4 - THE BIBLE GIVES US AN IDEAL PICTURE OF A PARENT-CHILD RELATIONSHIP.

Who provides that ideal picture for us anyway? Well, I don’t think it was Abraham and Isaac. Nor was it Isaac and Joseph. It certainly wasn't David and his sons.

This may surprise you, but the ideal example of the hearts of parents and children being knit together is that of the heavenly Father and His Son, the Lord Jesus Christ.

Jesus said in John 5:19 - "Verily, verily I say unto you. The Son can do nothing of Himself, but what He seeth the Father do: for what things soever He doeth, these also doeth the Son likewise."

And in John 5:30 Jesus said, "I can of mine own self do nothing...I seek not mine own will, but the will of the Father which hath sent me."

And consider Jesus' statement in John 10:30 in this context: "I and my Father are one."

5 - THERE ARE THREE BIG DANGERS FOR THE HEART. They take place in this order: the heart can be lost; then hardened; then stolen.
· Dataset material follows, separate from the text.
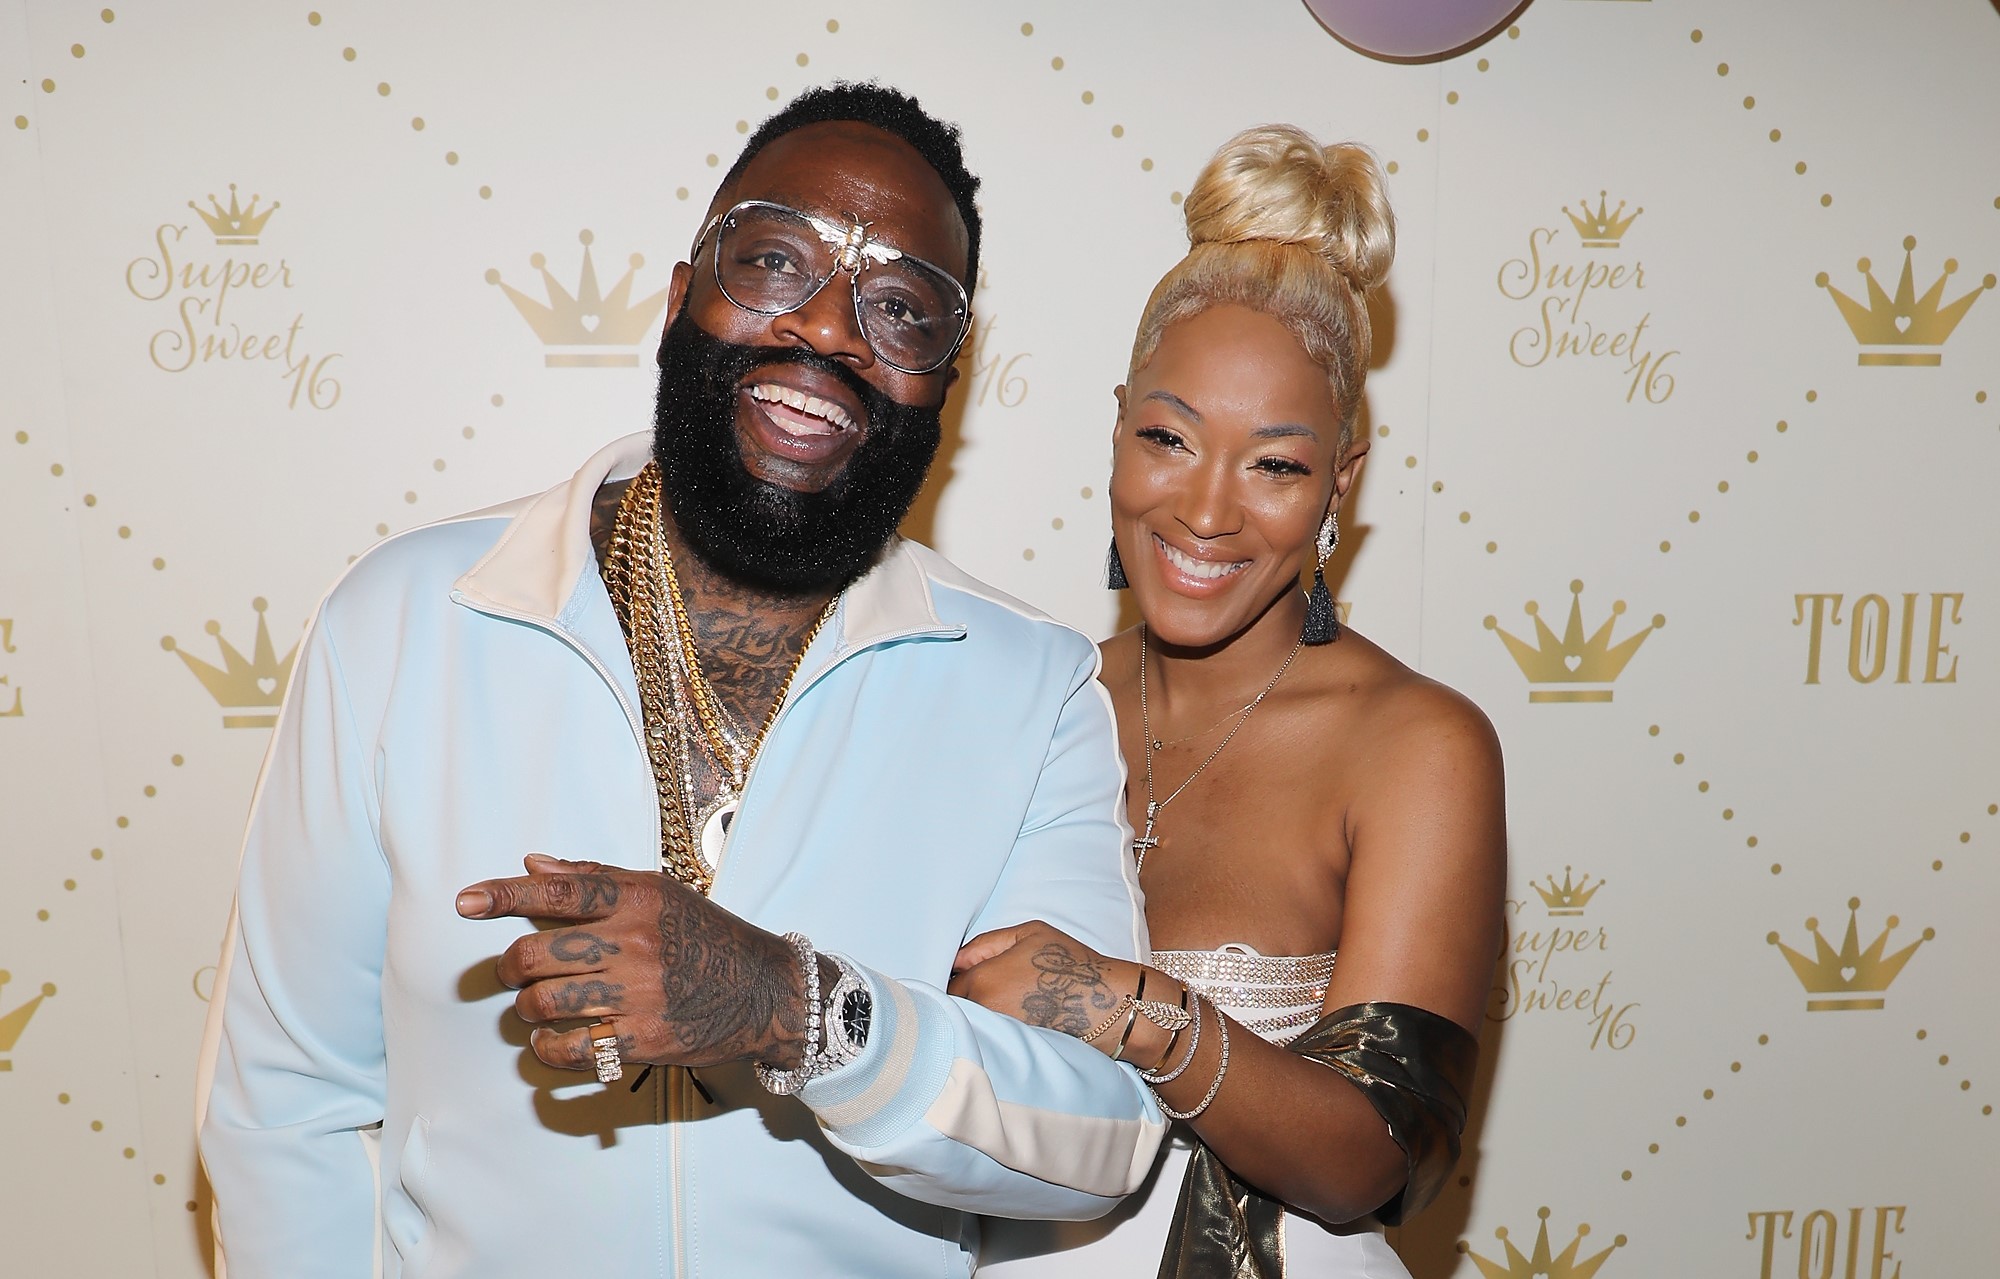 Rick Ross and Briana Camille attend Toie's Royal Court: Super Sweet 16 at Versace Mansion, on April 7, 2018, in Miami, Florida. | Source: Getty Images

(1) The heart can be lost.

Perhaps the number one way a father loses his child's heart is by expressing anger at the child.

Contrary to what many fathers think, anger does not break a child's will. That’s not a proper goal anyway. God made strong willed children because he needs them to accomplish things for Him. You don’t want to break the will. You want to turn it in the proper direction.

What does anger do? Anger crushes a child's spirit, and causes the child to harden his heart.

Over and over when I deal with a rebellious child, I find that his father has had a problem with anger. Michael's Dad was not angry all the time, but occasionally he would "explode, then back off."

Fear of explosions of anger can cause a child to retreat into a shell. And when he goes into that shell, he takes his heart with him.

I've dealt so much with the problems created by men's anger that I'm continually recommending to men that they ask God to cleanse their lives completely of anger.

Psalm 37:8 says, "Cease from anger and forsake wrath." Proverbs 19: 19 says, "A man of great wrath shall suffer punishment: for if thou deliver him, yet thou must do it again." Proverbs 27: 4 says, "wrath is cruel, and anger is outrageous." "Outrageous" means "like a downpour or a flood."

Ecclesiastes 7:9 says, "Anger resteth in the bosom of fools."

Galatians 5: 19-20 says, "Now the works of the flesh are manifest, which are these: adultery, fornication, uncleanness, lasciviousness, idolatry, witchcraft, hatred, variance, emulations, wrath, etc."

There are some things in life you get victory over because you know you just can’t do them. The consequences are far too great. There are some things you just don’t do at your house.

You don’t bring X rated movies into your house and watch them as a family.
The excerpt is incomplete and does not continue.